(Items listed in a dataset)
● ● ●

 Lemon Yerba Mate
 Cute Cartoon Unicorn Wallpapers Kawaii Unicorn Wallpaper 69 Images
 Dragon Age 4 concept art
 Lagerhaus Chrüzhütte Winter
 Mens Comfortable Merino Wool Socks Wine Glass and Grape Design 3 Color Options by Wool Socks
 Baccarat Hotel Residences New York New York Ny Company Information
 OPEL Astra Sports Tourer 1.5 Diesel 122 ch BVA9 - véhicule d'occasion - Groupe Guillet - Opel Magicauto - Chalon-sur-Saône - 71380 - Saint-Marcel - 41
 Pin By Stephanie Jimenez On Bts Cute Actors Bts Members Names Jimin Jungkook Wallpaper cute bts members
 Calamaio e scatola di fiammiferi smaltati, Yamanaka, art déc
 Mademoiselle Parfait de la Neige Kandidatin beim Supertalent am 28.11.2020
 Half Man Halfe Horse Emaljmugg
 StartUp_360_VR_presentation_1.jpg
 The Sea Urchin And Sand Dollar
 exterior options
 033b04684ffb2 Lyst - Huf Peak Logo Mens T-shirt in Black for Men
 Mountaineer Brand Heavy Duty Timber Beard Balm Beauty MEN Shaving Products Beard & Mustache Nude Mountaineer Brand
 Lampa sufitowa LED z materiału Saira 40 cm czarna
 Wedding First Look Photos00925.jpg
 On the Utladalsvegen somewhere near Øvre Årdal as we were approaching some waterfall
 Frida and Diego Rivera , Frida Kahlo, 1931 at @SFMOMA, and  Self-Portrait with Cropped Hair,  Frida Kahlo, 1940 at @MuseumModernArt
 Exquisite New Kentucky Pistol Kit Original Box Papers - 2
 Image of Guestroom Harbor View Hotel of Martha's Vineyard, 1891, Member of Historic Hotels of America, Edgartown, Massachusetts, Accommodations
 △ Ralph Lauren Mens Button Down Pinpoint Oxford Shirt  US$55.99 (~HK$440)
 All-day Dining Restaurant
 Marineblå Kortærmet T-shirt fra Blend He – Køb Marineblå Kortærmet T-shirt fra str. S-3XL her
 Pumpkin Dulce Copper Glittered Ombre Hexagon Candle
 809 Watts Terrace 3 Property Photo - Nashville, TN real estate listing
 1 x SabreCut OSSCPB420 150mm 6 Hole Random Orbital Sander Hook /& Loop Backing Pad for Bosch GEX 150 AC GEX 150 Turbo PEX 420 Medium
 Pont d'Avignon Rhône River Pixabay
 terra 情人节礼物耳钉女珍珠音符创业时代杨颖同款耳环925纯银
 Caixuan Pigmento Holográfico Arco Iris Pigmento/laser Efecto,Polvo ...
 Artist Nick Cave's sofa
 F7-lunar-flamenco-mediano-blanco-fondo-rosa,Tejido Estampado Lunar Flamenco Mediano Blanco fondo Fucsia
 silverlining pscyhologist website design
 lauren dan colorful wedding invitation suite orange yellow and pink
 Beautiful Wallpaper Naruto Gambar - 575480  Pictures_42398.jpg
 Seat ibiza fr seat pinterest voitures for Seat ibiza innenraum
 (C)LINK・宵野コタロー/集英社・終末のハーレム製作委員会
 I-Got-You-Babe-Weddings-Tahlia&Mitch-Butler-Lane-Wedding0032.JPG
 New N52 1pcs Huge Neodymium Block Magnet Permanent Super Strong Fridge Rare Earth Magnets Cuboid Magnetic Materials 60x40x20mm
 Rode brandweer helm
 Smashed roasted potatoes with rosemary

● ● ●

▶ **PROBLEM STATEMENT**
The records above are to be printed in full, exactly as they appear.

▶ **OUTPUT FOR THIS EXERCISE**
 Lemon Yerba Mate
 Cute Cartoon Unicorn Wallpapers Kawaii Unicorn Wallpaper 69 Images
 Dragon Age 4 concept art
 Lagerhaus Chrüzhütte Winter
 Mens Comfortable Merino Wool Socks Wine Glass and Grape Design 3 Color Options by Wool Socks
 Baccarat Hotel Residences New York New York Ny Company Information
 OPEL Astra Sports Tourer 1.5 Diesel 122 ch BVA9 - véhicule d'occasion - Groupe Guillet - Opel Magicauto - Chalon-sur-Saône - 71380 - Saint-Marcel - 41
 Pin By Stephanie Jimenez On Bts Cute Actors Bts Members Names Jimin Jungkook Wallpaper cute bts members
 Calamaio e scatola di fiammiferi smaltati, Yamanaka, art déc
 Mademoiselle Parfait de la Neige Kandidatin beim Supertalent am 28.11.2020
 Half Man Halfe Horse Emaljmugg
 StartUp_360_VR_presentation_1.jpg
 The Sea Urchin And Sand Dollar
 exterior options
 033b04684ffb2 Lyst - Huf Peak Logo Mens T-shirt in Black for Men
 Mountaineer Brand Heavy Duty Timber Beard Balm Beauty MEN Shaving Products Beard & Mustache Nude Mountaineer Brand
 Lampa sufitowa LED z materiału Saira 40 cm czarna
 Wedding First Look Photos00925.jpg
 On the Utladalsvegen somewhere near Øvre Årdal as we were approaching some waterfall
 Frida and Diego Rivera , Frida Kahlo, 1931 at @SFMOMA, and  Self-Portrait with Cropped Hair,  Frida Kahlo, 1940 at @MuseumModernArt
 Exquisite New Kentucky Pistol Kit Original Box Papers - 2
 Image of Guestroom Harbor View Hotel of Martha's Vineyard, 1891, Member of Historic Hotels of America, Edgartown, Massachusetts, Accommodations
 △ Ralph Lauren Mens Button Down Pinpoint Oxford Shirt  US$55.99 (~HK$440)
 All-day Dining Restaurant
 Marineblå Kortærmet T-shirt fra Blend He – Køb Marineblå Kortærmet T-shirt fra str. S-3XL her
 Pumpkin Dulce Copper Glittered Ombre Hexagon Candle
 809 Watts Terrace 3 Property Photo - Nashville, TN real estate listing
 1 x SabreCut OSSCPB420 150mm 6 Hole Random Orbital Sander Hook /& Loop Backing Pad for Bosch GEX 150 AC GEX 150 Turbo PEX 420 Medium
 Pont d'Avignon Rhône River Pixabay
 terra 情人节礼物耳钉女珍珠音符创业时代杨颖同款耳环925纯银
 Caixuan Pigmento Holográfico Arco Iris Pigmento/laser Efecto,Polvo ...
 Artist Nick Cave's sofa
 F7-lunar-flamenco-mediano-blanco-fondo-rosa,Tejido Estampado Lunar Flamenco Mediano Blanco fondo Fucsia
 silverlining pscyhologist website design
 lauren dan colorful wedding invitation suite orange yellow and pink
 Beautiful Wallpaper Naruto Gambar - 575480  Pictures_42398.jpg
 Seat ibiza fr seat pinterest voitures for Seat ibiza innenraum
 (C)LINK・宵野コタロー/集英社・終末のハーレム製作委員会
 I-Got-You-Babe-Weddings-Tahlia&Mitch-Butler-Lane-Wedding0032.JPG
 New N52 1pcs Huge Neodymium Block Magnet Permanent Super Strong Fridge Rare Earth Magnets Cuboid Magnetic Materials 60x40x20mm
 Rode brandweer helm
 Smashed roasted potatoes with rosemary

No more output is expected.